Abstract
Fractures of the proximal humerus are very common and increasing in incidence within an ageing population. The majority of undisplaced fractures can be treated conservatively. Displaced fractures in good quality bone or in the young are considered for surgical fixation. However, displaced and comminuted fractures with or without dislocation, especially in the elderly, cannot be reliably treated with fixation. These patients are generally considered for joint arthroplasty. This review article focuses on the outcome following arthroplasty for proximal humeral fractures.
Keywords: Proximal humerus, Fracture, Arthroplasty
1. Introduction
Proximal humeral fractures account for almost 10% of all fractures.1 Their incidence is rising with an aging population, accounting for a third of all fractures in the over 65 years of age with an expected further increase in the next 20 years.2 It is three times more common in women, with trauma secondary to low energy falls accounting for 90% of cases.2
The estimated cost to the health service and rehabilitation in a country with a similar population to the United Kingdom, is over £80 million.3 In those over 65 years old, the burden of loss of independence and reliance on others for support has a profound effect on their mental and socioeconomic state. It also has a significant impact on the work life of individuals caring for these patients(3).

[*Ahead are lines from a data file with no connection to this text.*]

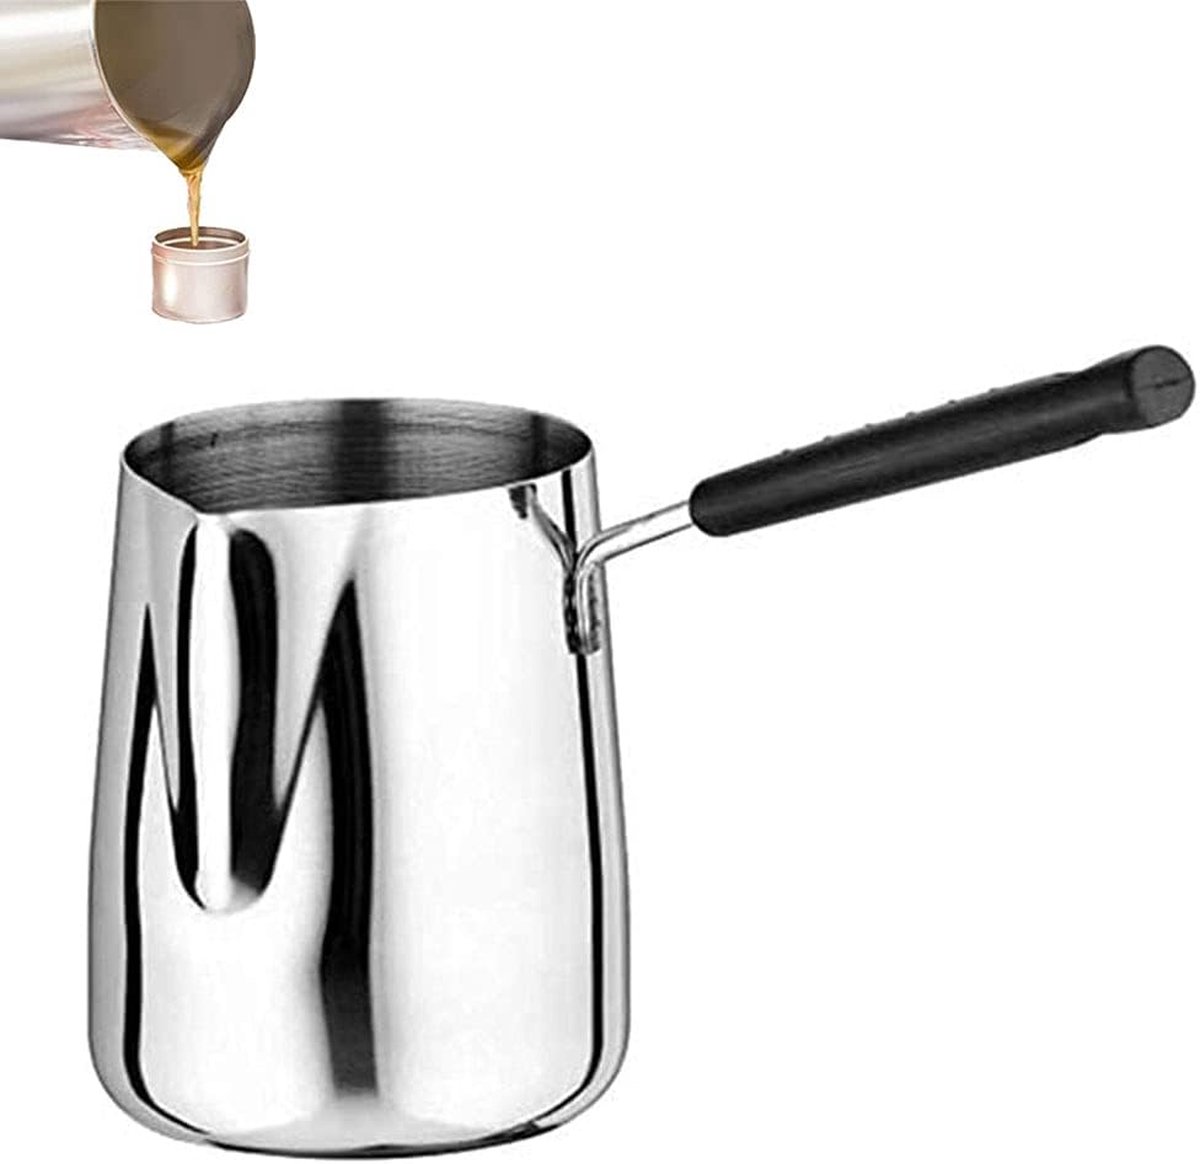 Stainless Steel Turkish Coffee Pot, Mocha Pot, Frothing Milk Jug, Turkish Coffee Pot with Handle, Stainless Steel Jug, for Preparing Latte Coffee Art, Cappuccino, Espresso (600 ml / 21.12 oz)
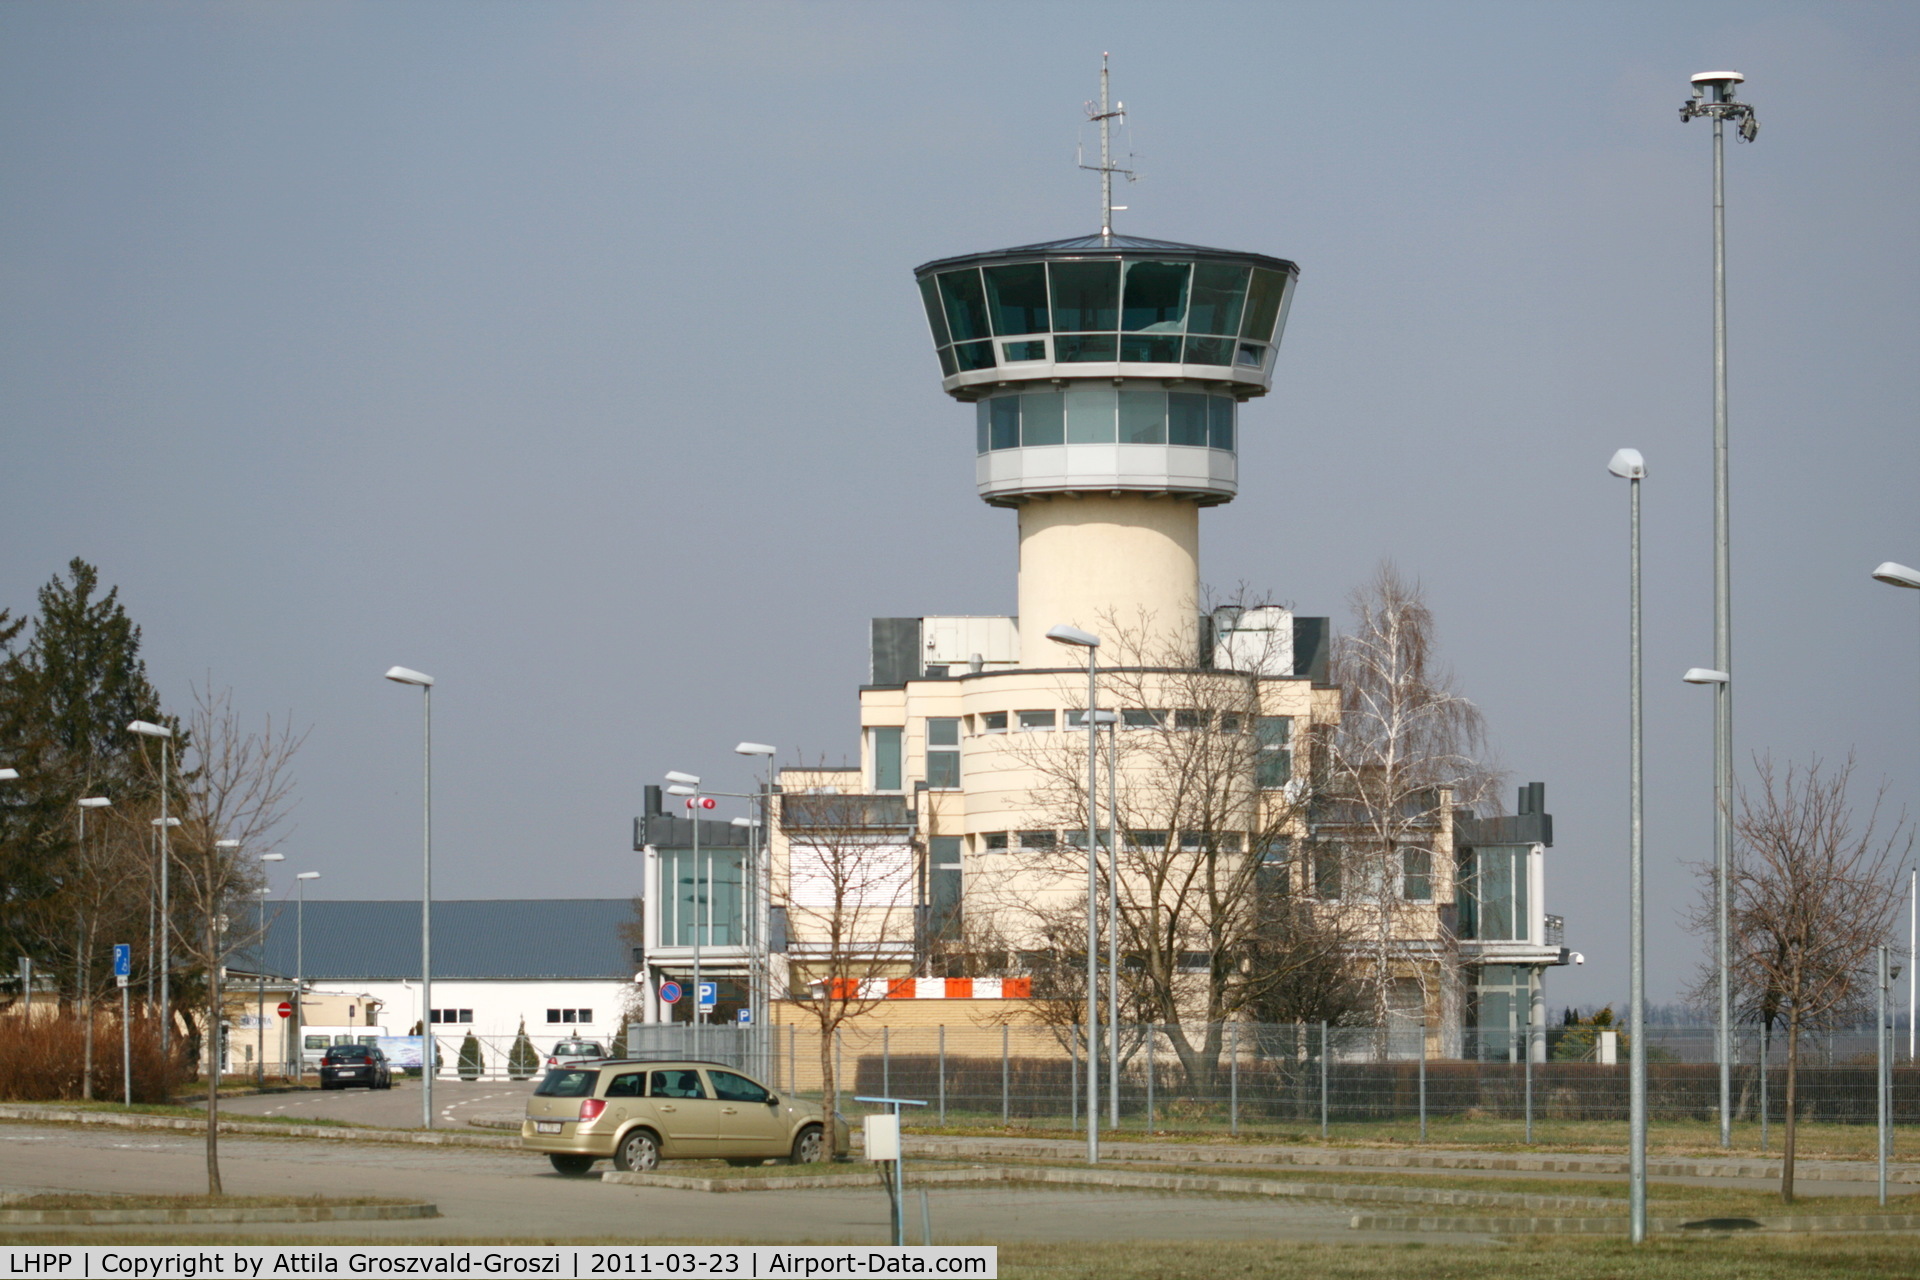 Pécs Pogány Airport, Pécs Hungary (LHPP) - Pécs-Pogány Airport, Hungary
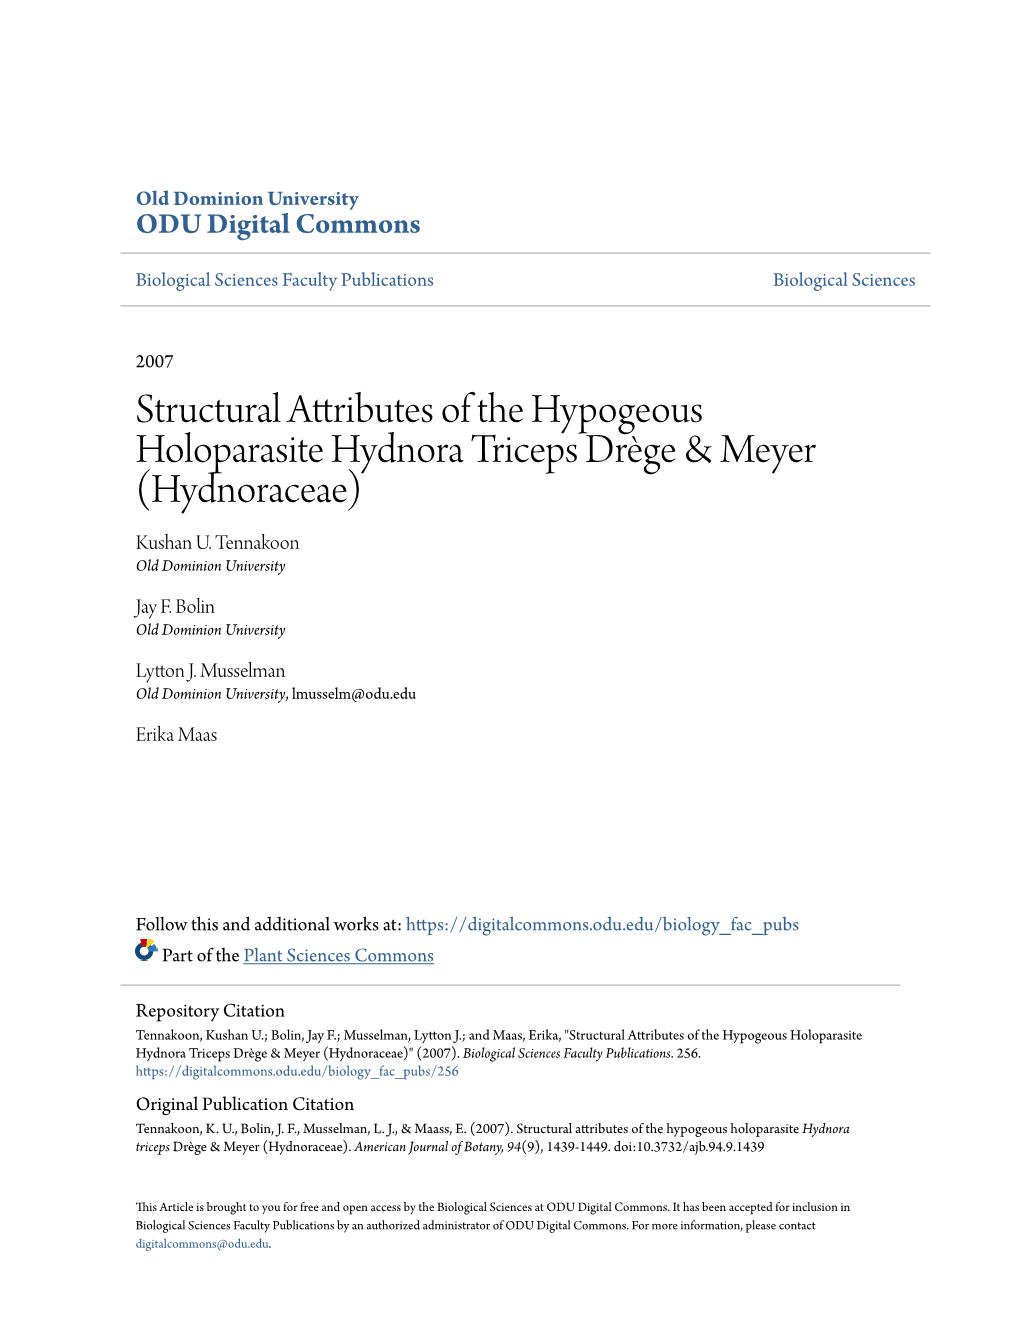 Structural Attributes of the Hypogeous Holoparasite Hydnora Triceps Drège & Meyer (Hydnoraceae) Kushan U
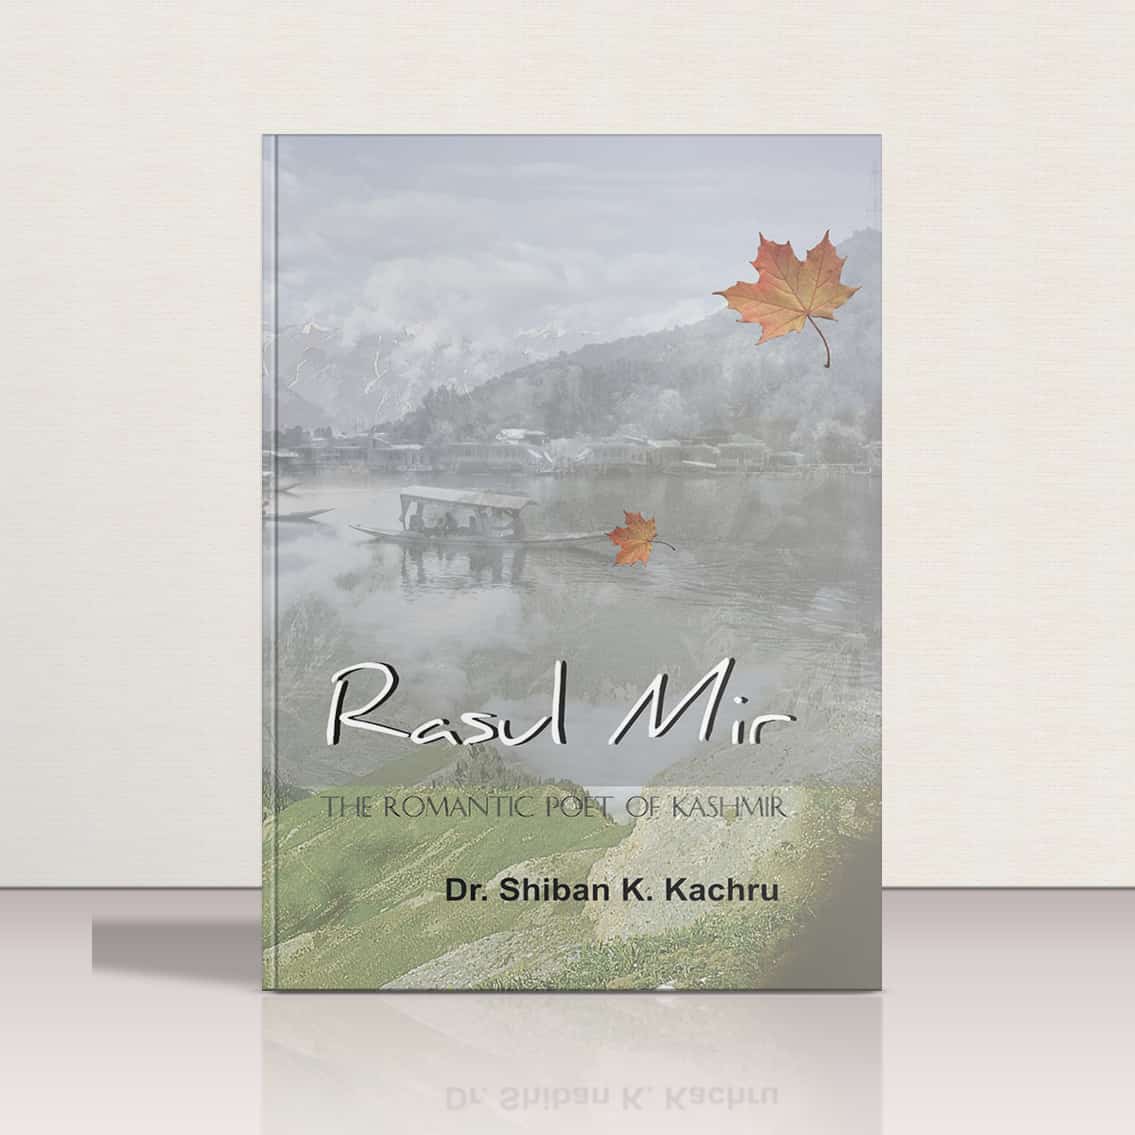 Rasul Mir (The Romantic Poet of Kashmir) by Dr.Shiban Kachru

Treatment of proximal humeral fractures depends on fracture morphology, patient co-morbidities and expected outcome. The aim is to achieve a healed stable fracture in a pain free functional shoulder. This can be achieved conservatively or surgically. The literature supports conservative management for non-displaced or minimally displaced fractures.4 However, surgical management remains controversial when it comes to comminuted fractures. This is more so in the over 65s due to poor quality bone in this patient group.5
Currently there is no real consensus to establish superiority of open reduction and internal fixation (ORIF) to prosthetic replacement.1 The fixed-angle devices implanted in ORIF have substantially evolved over the past two decades to withstand the rotator cuff's biomechanics and resist fracture varus collapse.6 However, the literature shows a suboptimal clinical result in the over 65 years age group with a complication rate of 48.8% and revision rate of 13.8% according to two recent systematic reviews.6,7
Consequently, proximal humeral prosthetic replacement in the form of hemiarthroplasty (HA) was implanted for complex or comminuted proximal humeral fractures.6,7 It was first designed and used by Neer in the 1950s due to the poor results achieved by other means of management.8,9 Neer classified proximal humeral fractures into different parts: greater tuberosity, lesser tuberosity, articular portion of the head and the humeral shaft. To be considered as parts, these structures must be angulated more than 45° or displaced by more than 1 cm. Initial evidence of an intact medial hinge results in a preserved blood supply and fixation should be considered.10 If lost, the avascular necrosis is reported to be up to 75%. However, this has been refuted by more recent publication. This paper suggests that there is no increase in complication rate in particular avascular necrosis when the medial hinge is involved.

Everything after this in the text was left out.